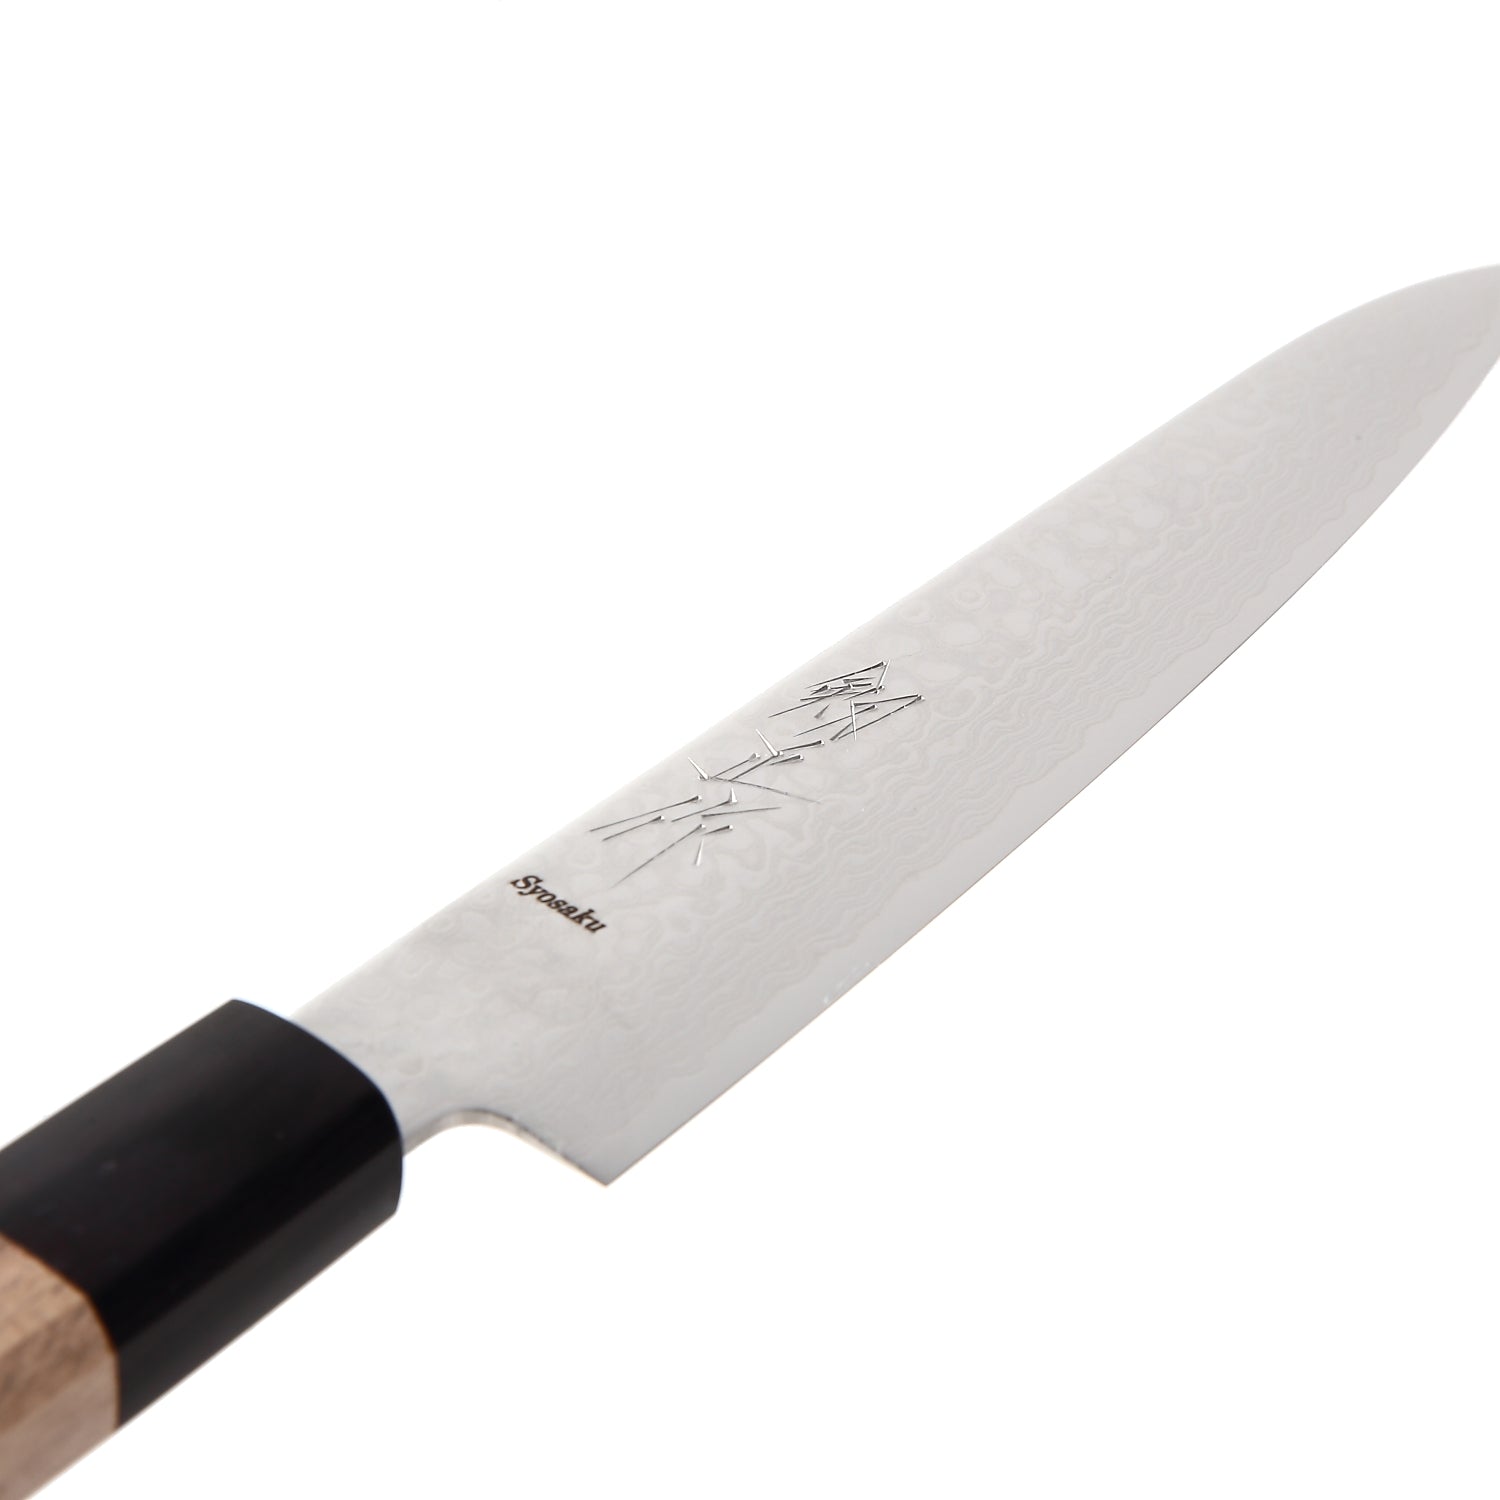 Chef knife 6 Pairing knife Damascus Kitchen Utility Sharp Handmade Knife  Sheath
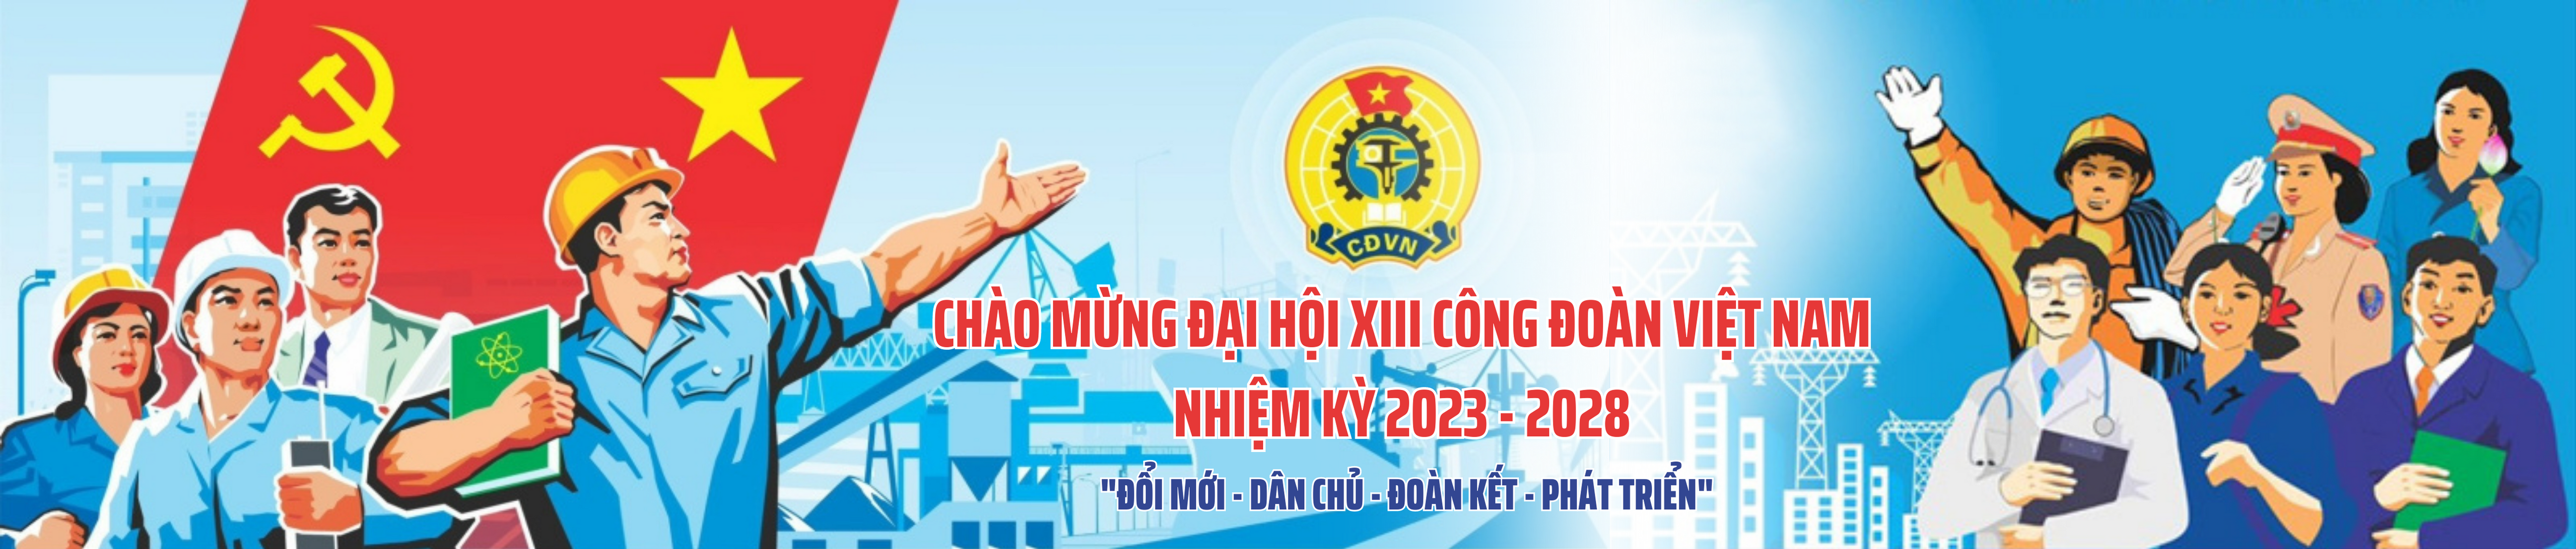 dai-hoi-cong-doan-cac-cap-nhiem-ky-2023-2028
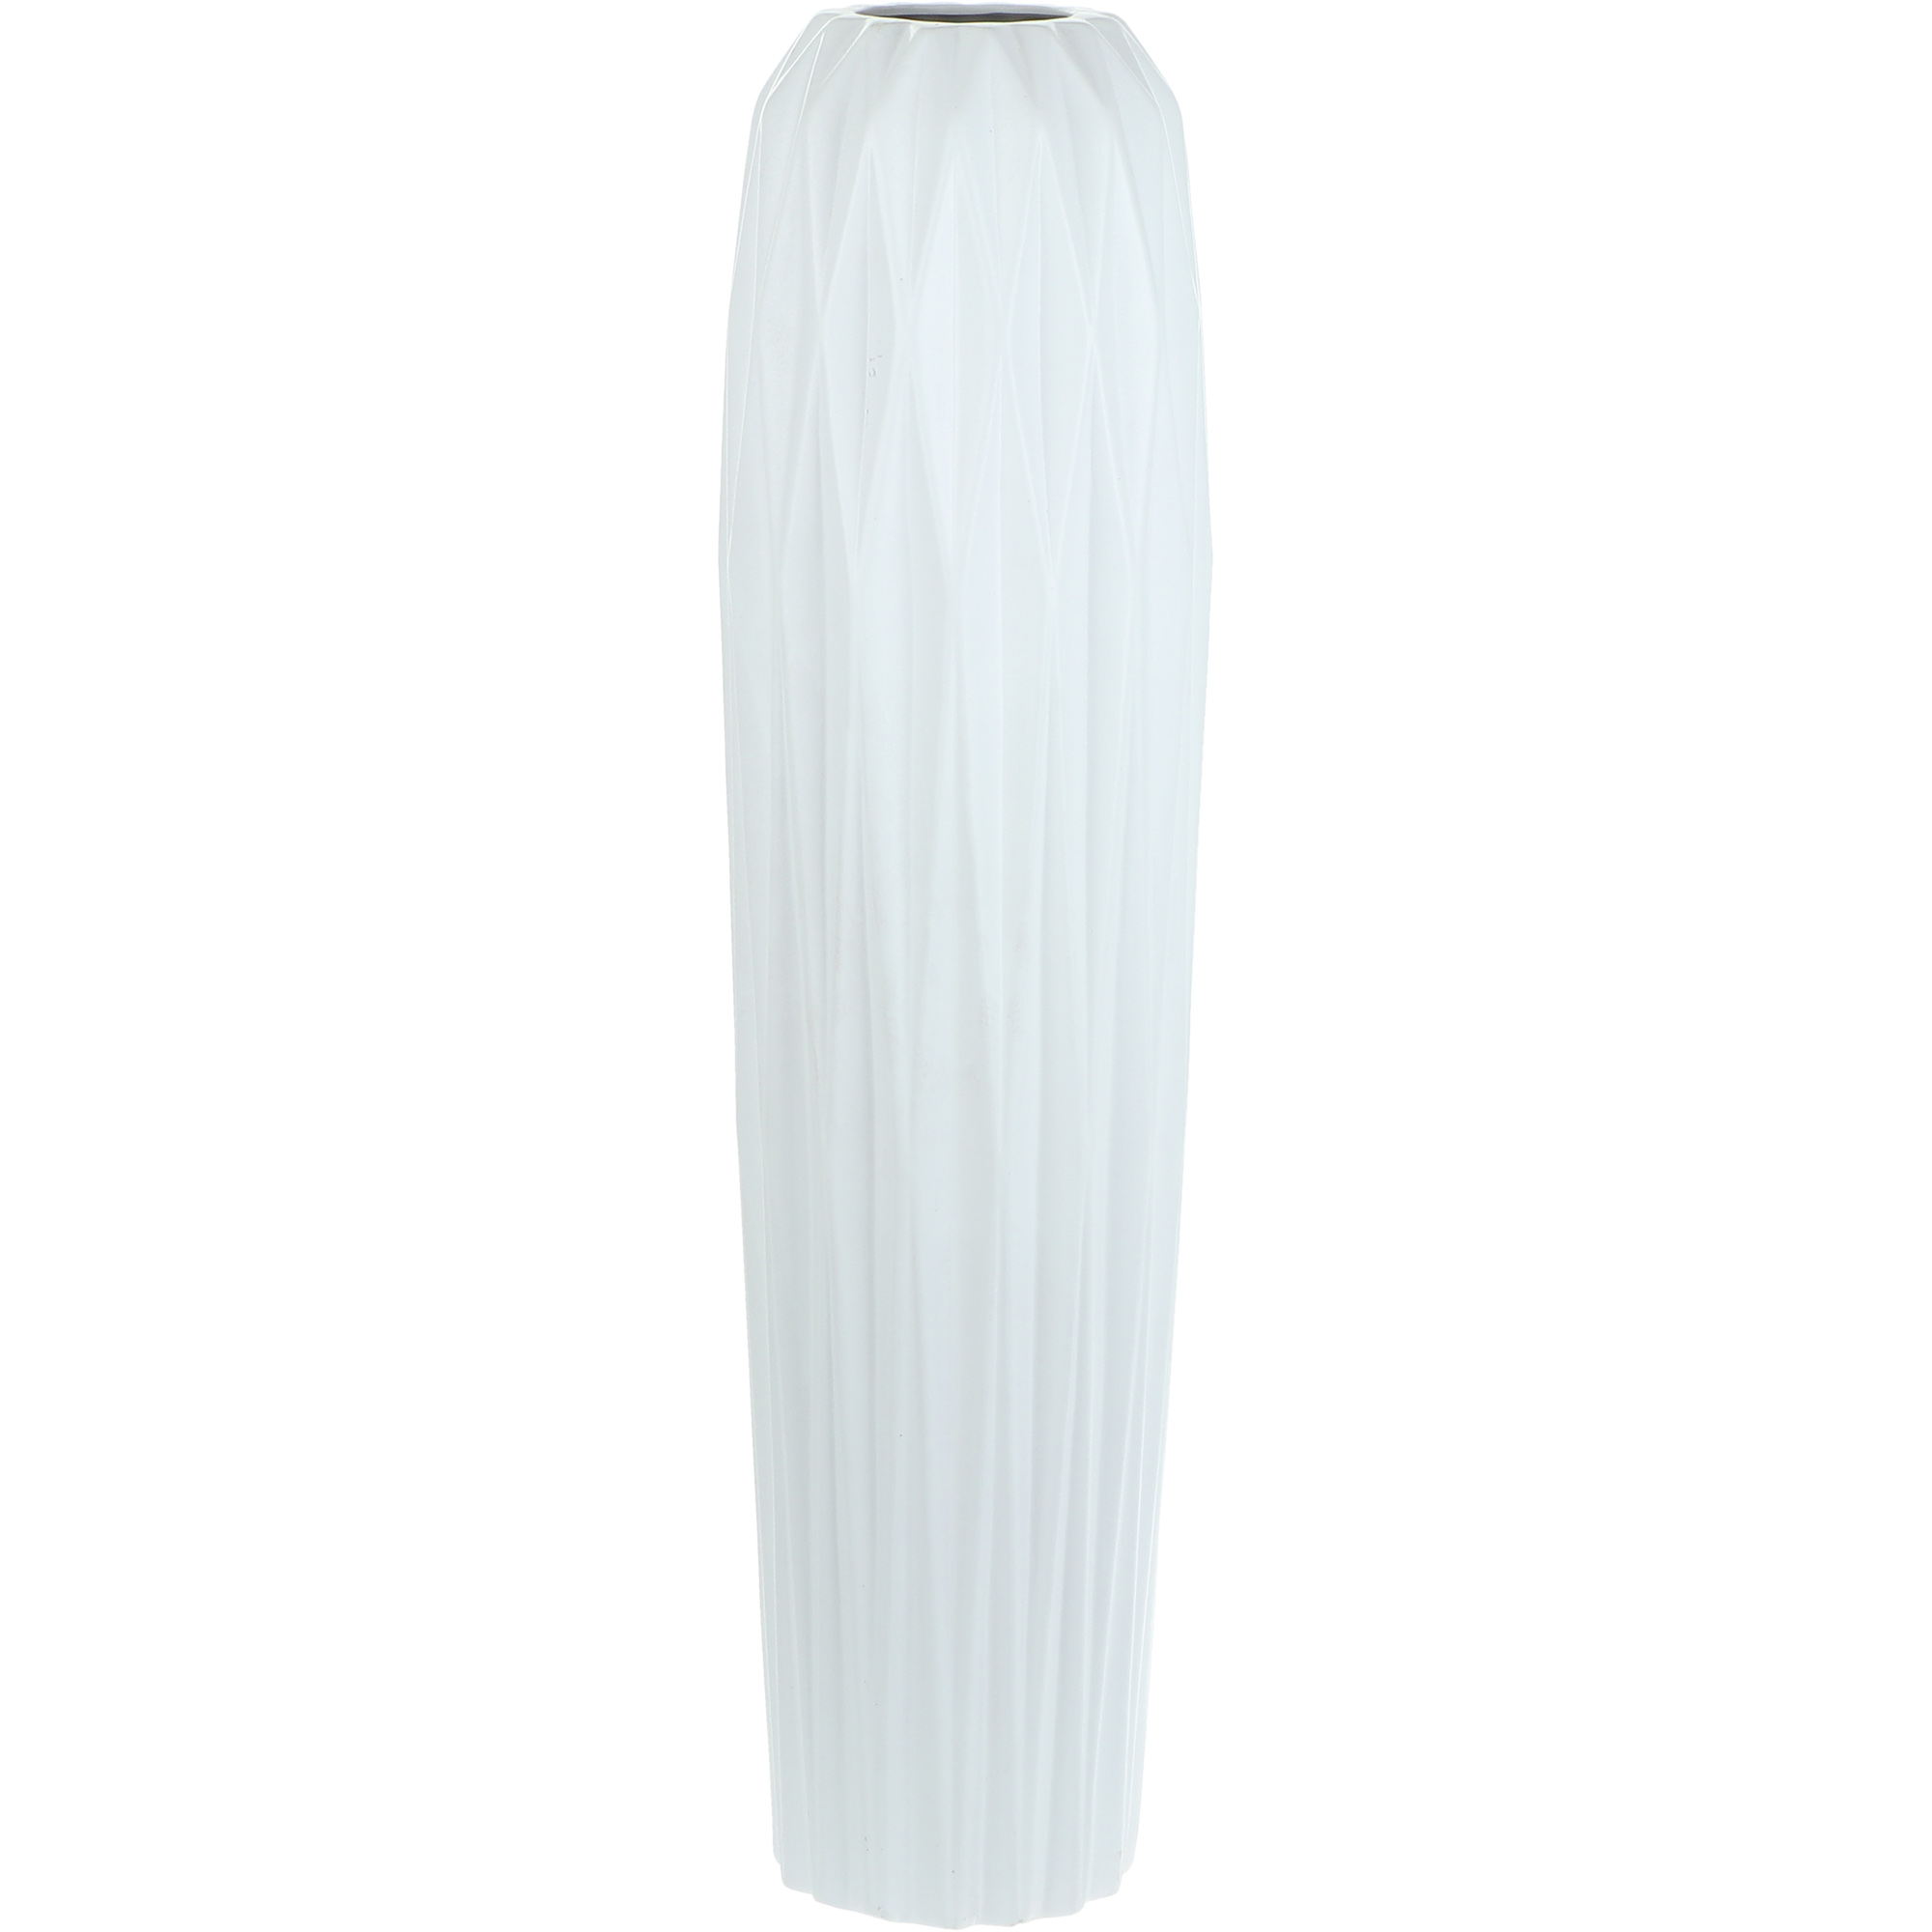 Ваза Ad trend Ceramic белая 18х75,5 см

### WHAT IS REQUIRED
Return each line of the material exactly as written; exclude the pictures.

### RESPONSE TO THE TASK
 Chef knife 6 Pairing knife Damascus Kitchen Utility Sharp Handmade Knife  Sheath
 dai-hoi-cong-doan-cac-cap-nhiem-ky-2023-2028
 Ваза Ad trend Ceramic белая 18х75,5 см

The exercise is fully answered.